Traditional microbial diagnosis faces challenges throughout the diagnostic process, from sample collection to identification and susceptibility testing. Issues arise from improper sample handling, potentially leading to inaccurate outcomes [43]. Culturing and isolating microorganisms can be time-consuming and prone to false negatives, complicated further by antibiotic presence in clinics [1]. The delay inherent in traditional microbial diagnosis can allow diseases to progress, contributing to antibiotic resistance through empirical therapy [44]. Challenges include cross-contamination, false positives, and the lack of real-time data for effective surveillance. Furthermore, the absence of standardized procedures in diagnostic labs adds to the complexity and inconsistency of results [45].

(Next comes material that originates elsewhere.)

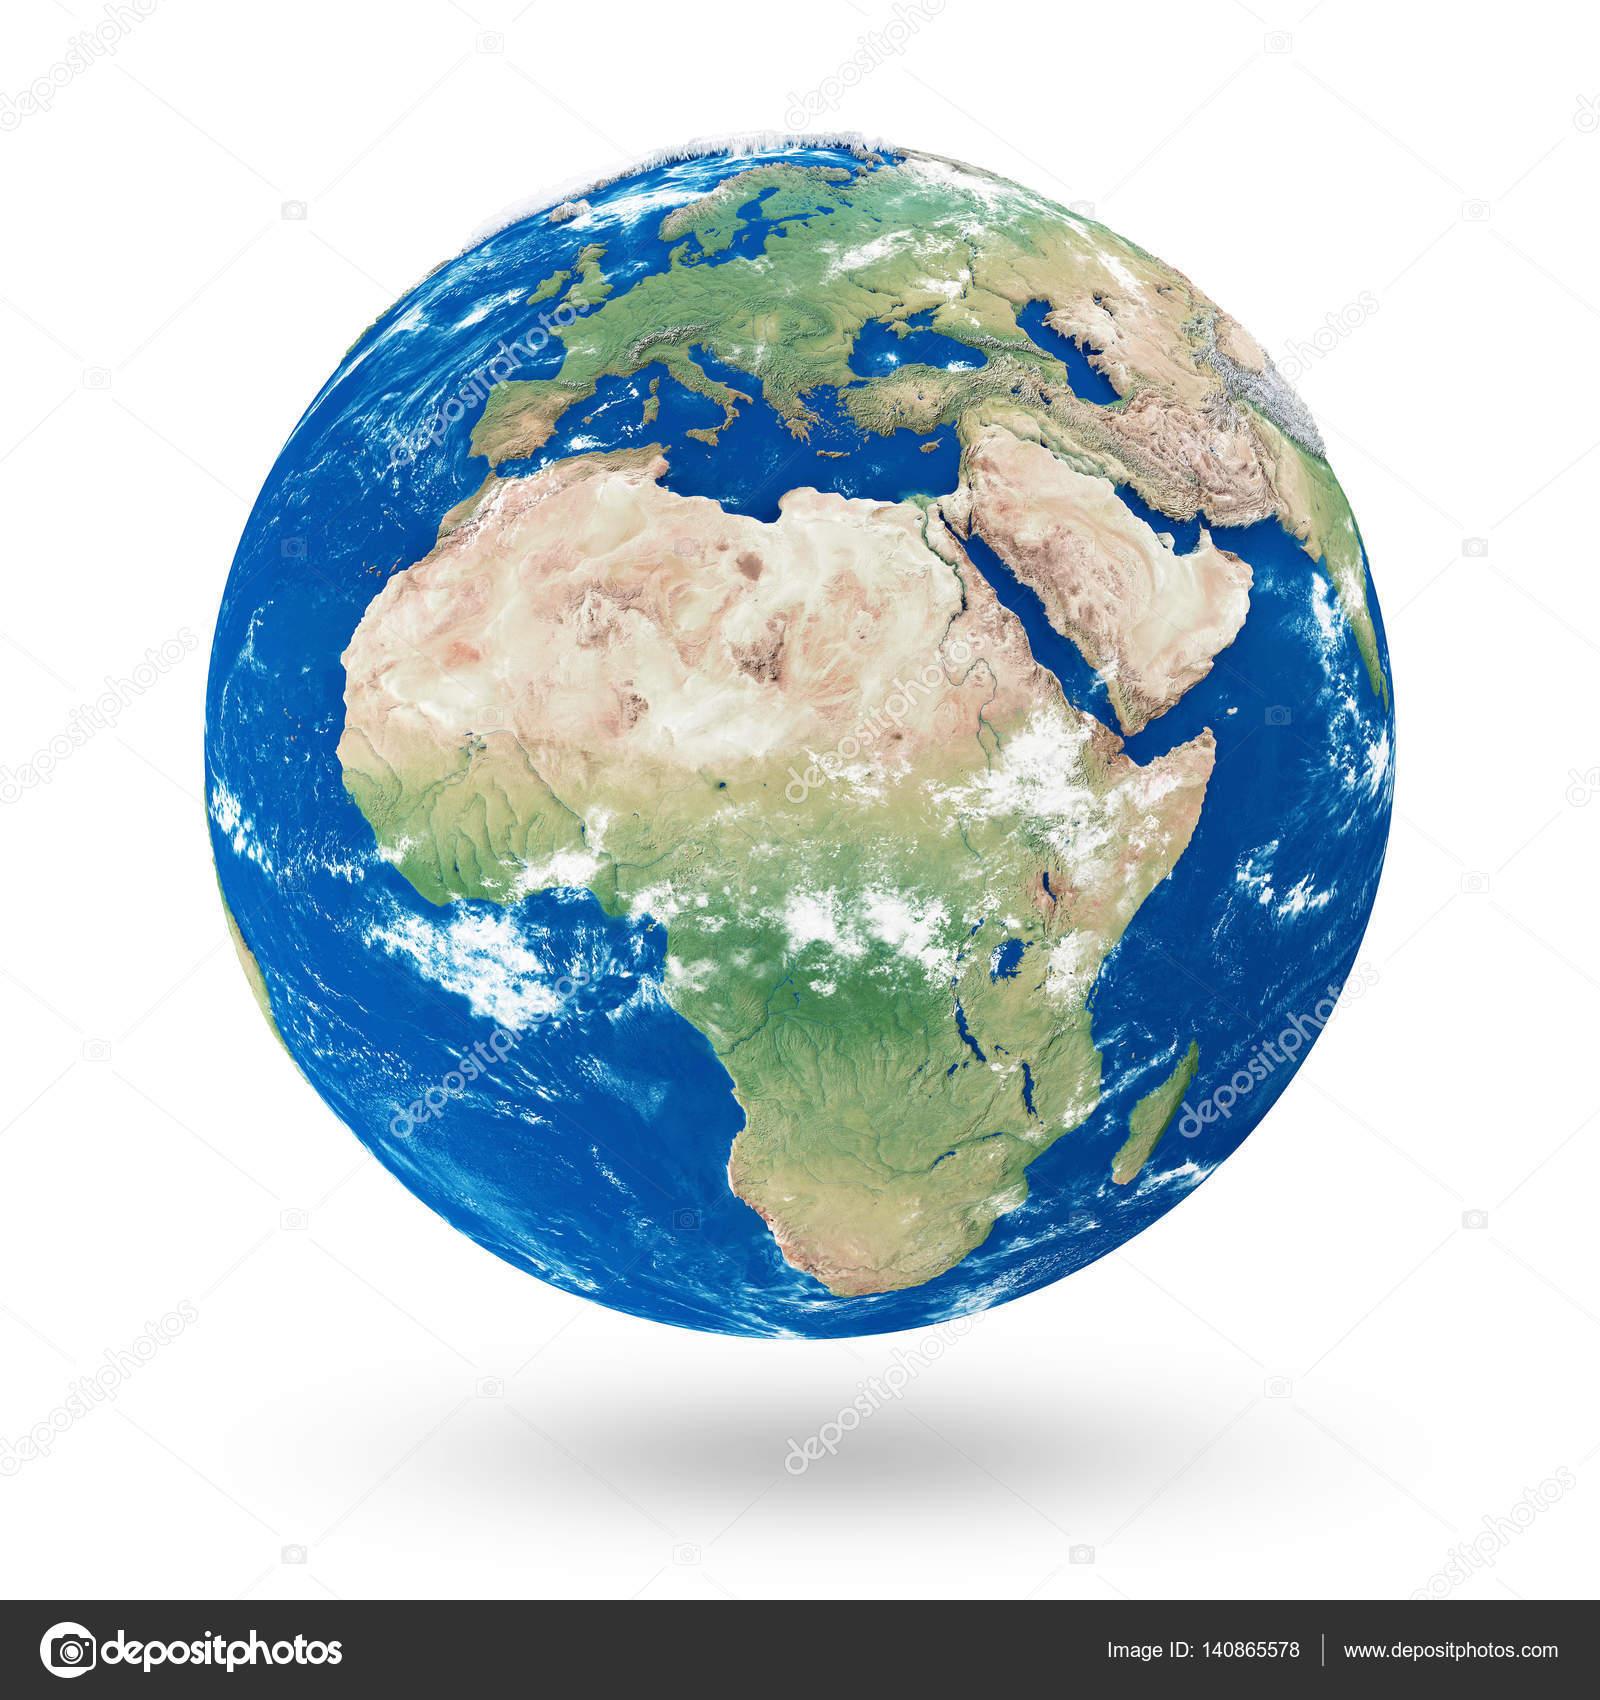 continent de pangaea sur plan te terre photographie ras slava 140865578. Black Bedroom Furniture Sets. Home Design Ideas

AI integration in microbial diagnosis has significantly transformed the area by providing quicker and more dependable outcomes in comparison to conventional techniques [46]. AI is highly proficient in the analysis of genetic data, which includes tasks such as identifying pathogens, predicting drug resistance, and uncovering new microbial species [47,48]. ML accelerates the process of analyzing data, resulting in enhanced speed and precision [49]. Conventional microbiological diagnosis encounters difficulties throughout the process, from collecting samples to conducting susceptibility testing. These problems can lead to erroneous results, primarily caused by inappropriate treatment of the samples [50,51,52,53]. Furthermore, the occurrence of delays in diagnosis is a contributing factor to the course of diseases and the development of antibiotic resistance, as indicated by studies [54,55,56,57]. AI integration offers expedited and dependable outcomes via genetic analysis and ML [8,46,58,59]. AI algorithms rapidly and accurately detect patterns and anomalies in large microbiological datasets, which is essential for the early identification of infectious diseases and the development of efficient containment measures [46,60]. Predictive modeling in AI involves utilizing past data to predict microbial activity, which helps in anticipating disease outbreaks, comprehending patterns in antibiotic resistance, and optimizing treatment methods [61]. AI can assist in customizing treatment regimens by considering unique patient features and microbiological profiles, resulting in treatment tactics that are more tailored and successful. ML models, such as DNA sequencers, provide predictions about the genomic sequences of bacteria and viruses, helping clinicians to choose appropriate treatment options [62]. AI facilitates automation, leading to decreased turnaround times and enhanced patient care [59,63]. In general, AI has the capacity to completely transform microbiological diagnostics by offering quicker, more precise, and effective methods that can enhance patient results and alleviate the difficulties linked to conventional diagnostic methods (Figure 1).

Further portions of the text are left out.